An odd legal scuffle has surfaced out of notable Mile End diner Beautys Luncheonette over the name of one of its dishes.
Via CTV Montreal (complete with the headline “Grease and desist”), the 77-year-old diner on Mont-Royal Avenue sent cease and desist notices to various other diners in Montreal, ordering them to stop using the name “Mish-Mash” on their menus.
Bagel Etc, just a few blocks away, and Cosmos in NDG both received the letters, although they had been serving dishes named “Mish-Mash” for many years, with no problem.

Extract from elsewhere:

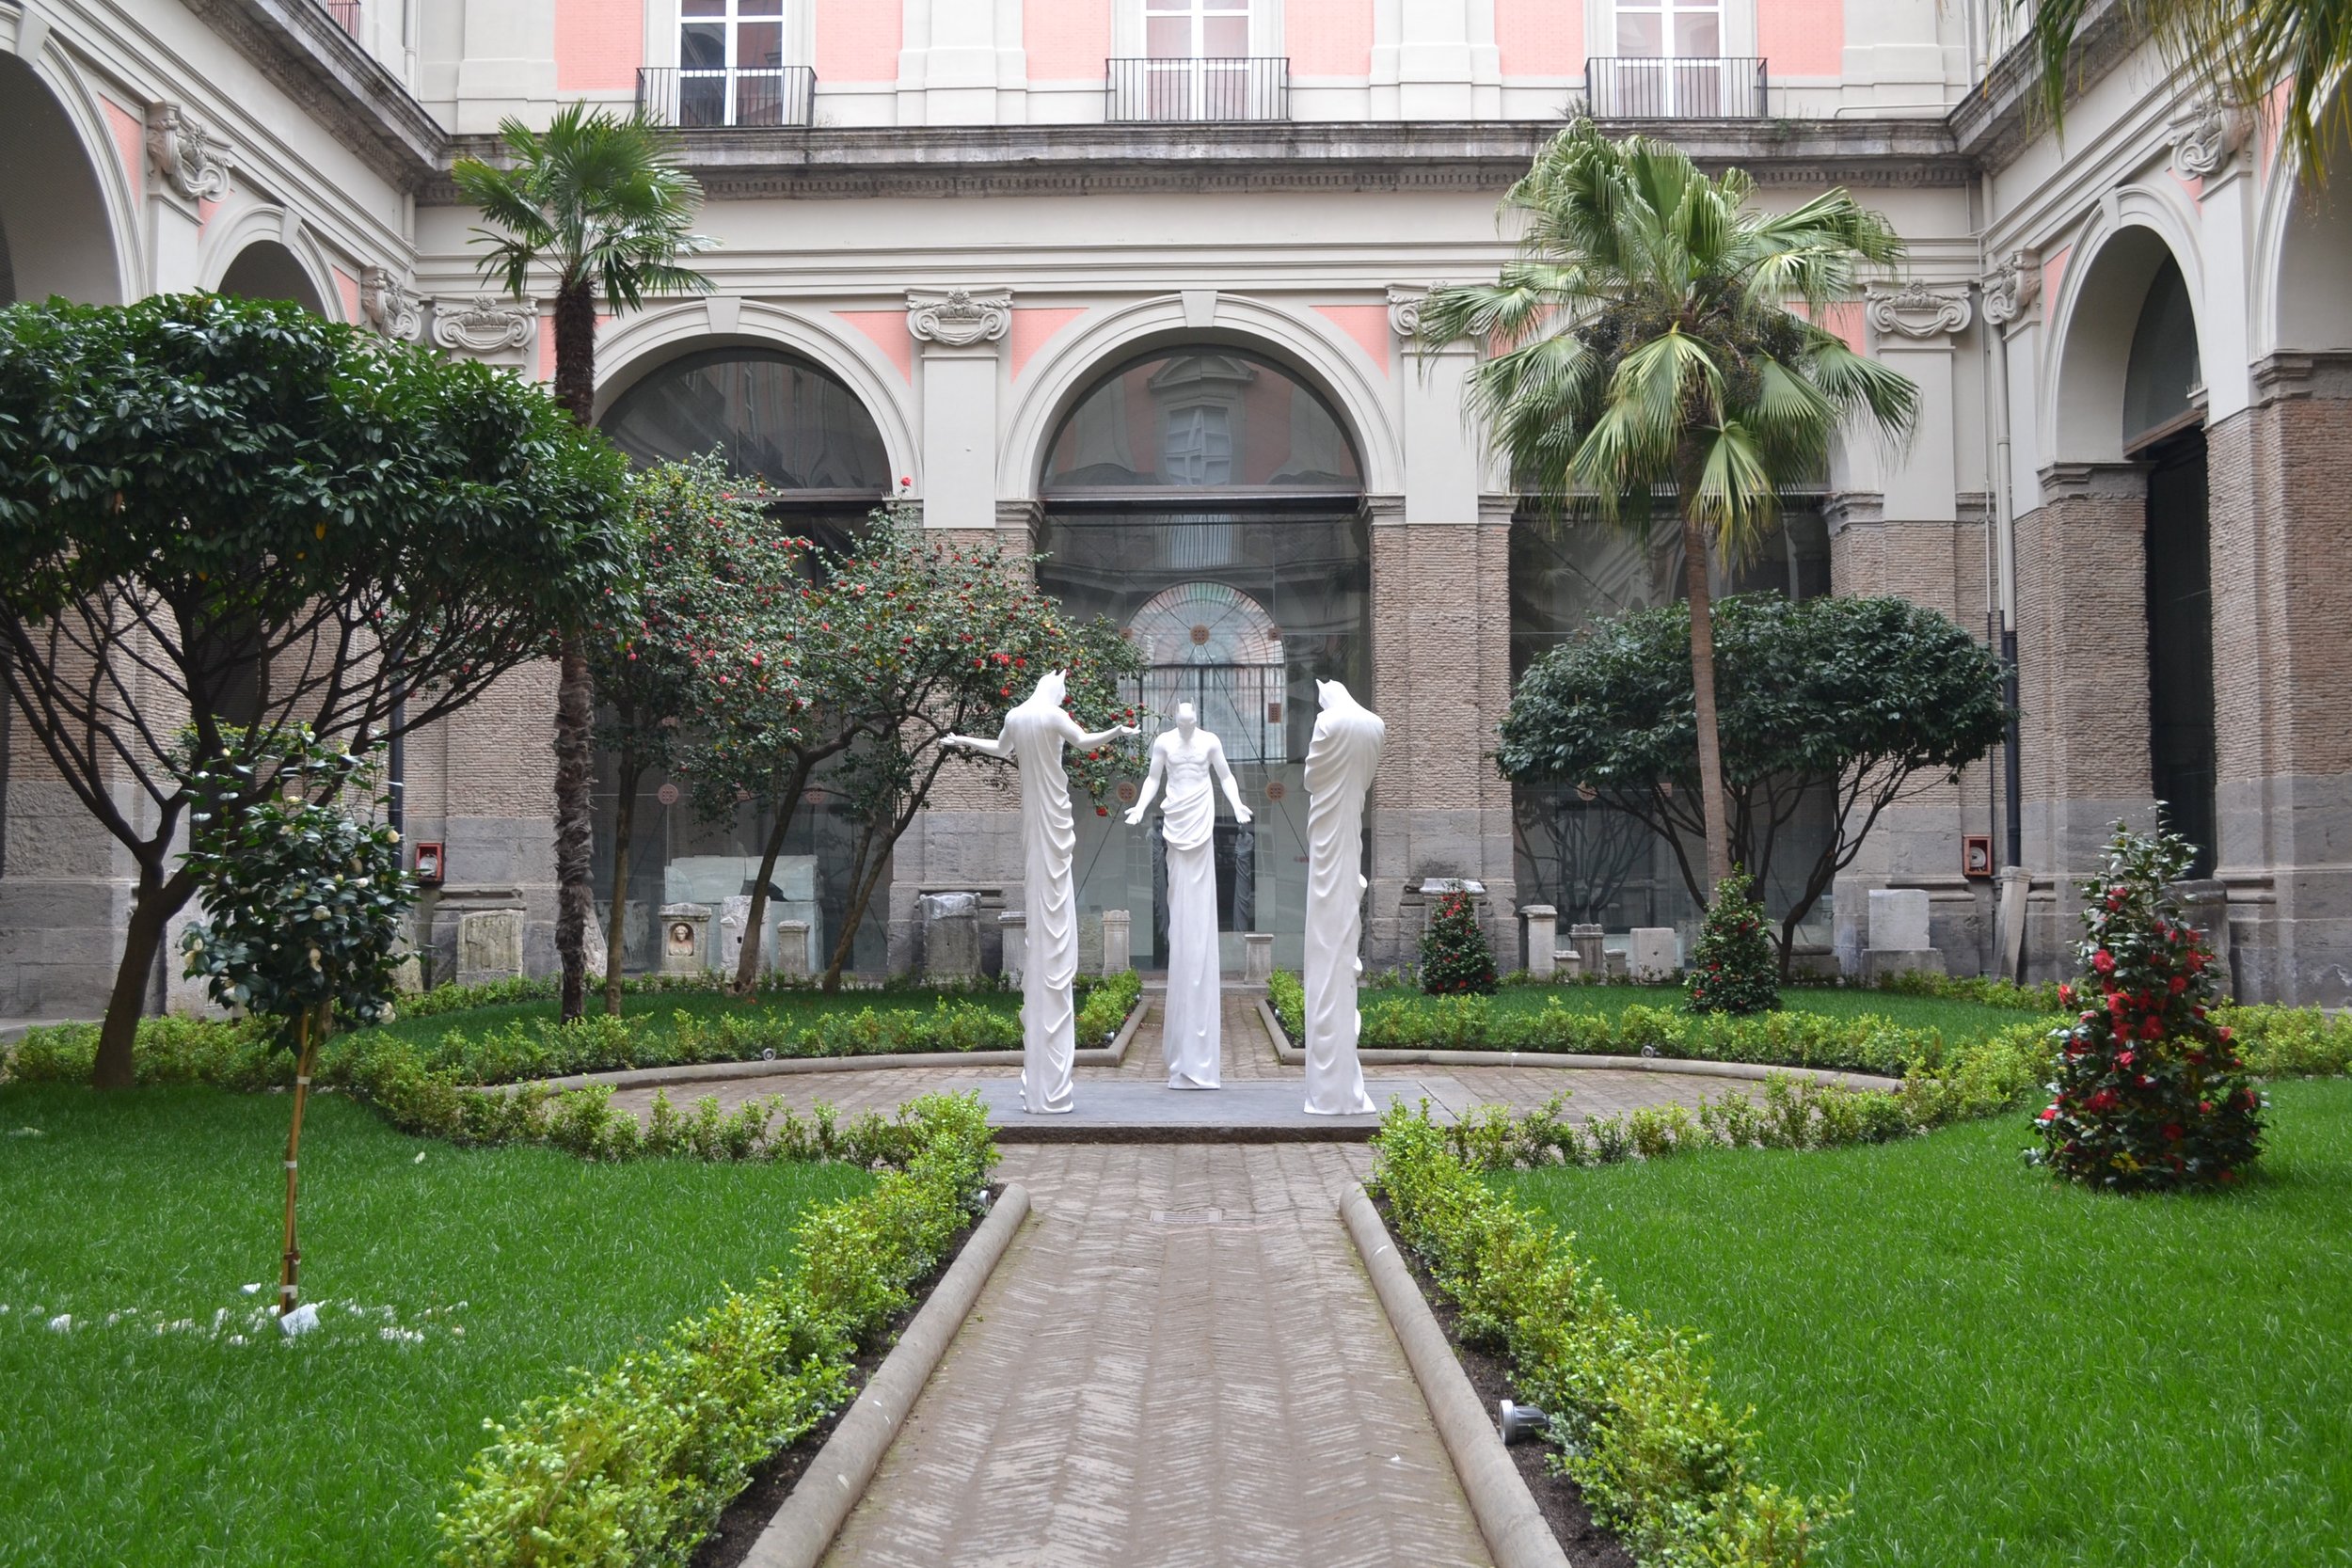    In Excelsis , 2013 . MANN - Museo Archeologico Nazionale di Napoli, Naples 2016. Installation view. Photo: Studio Adrian Tranquilli

The Mish-Mash has been a long-time staple of Beautys menu: an omelette with hot dog, salami, green pepper, and fried onion, with home fries and a bagel on the side. Beautys trademarked the dish and its name decades ago, but has never enforced it until now. Astute diners may have noticed that a small registered trademark symbol appears alongside the Mish-Mash on the Beautys menu — according to government listings, it was registered in 1989 (but had been used as far back as the ‘60s), with Beautys’ owners renewing the registration earlier this year. (Variations of the dish have existed for as long as Beautys has been in business and perhaps longer, under various names.)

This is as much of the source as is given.